Raphael Dominique Thoene (born 17 March 1980) is a German composer and musicologist.

Biography 

Raphael D. Thoene obtained a degree in Composition (Robert Schumann Hochschule in Düsseldorf, Germany) and Music Theory (Folkwang Hochschule in Essen, Germany). A scholarship recipient, he studied Film Scoring and Composition at the Berklee College of Music, Boston (USA).

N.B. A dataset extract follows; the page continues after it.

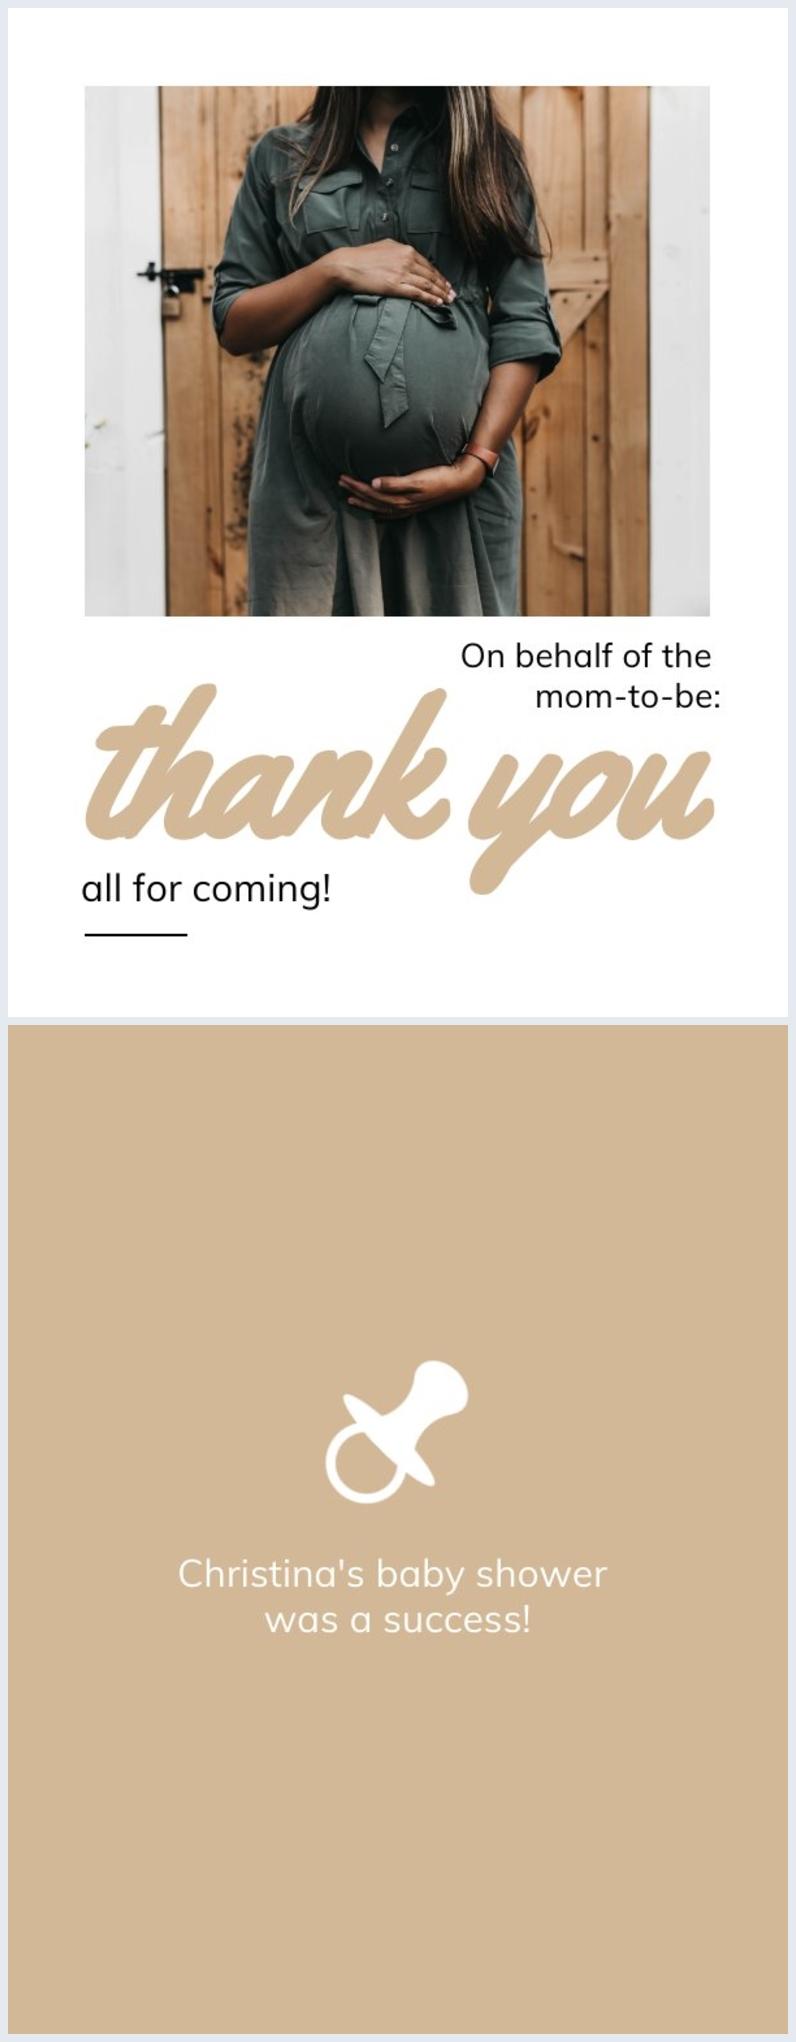 Thank you photo card design

He also received a PhD in Musicology at the University of Music and Performing Arts and the University of Vienna, Austria, writing his PhD thesis on Malcolm Arnold’s symphonic music.
As a composer, orchestrator and pianist, Thoene received commissions for the Orchesterakademie NRW, the International Contemporary Music Festival Ensemblia in 2005 and the Niederrheinischer Musikherbst in 2006. He orchestrates film and theatre music, and is the author of the musical "Culture", and co-author of the chamber-opera "Der Herr Gevatter" (staged in Saarbrücken, Düsseldorf and Munich).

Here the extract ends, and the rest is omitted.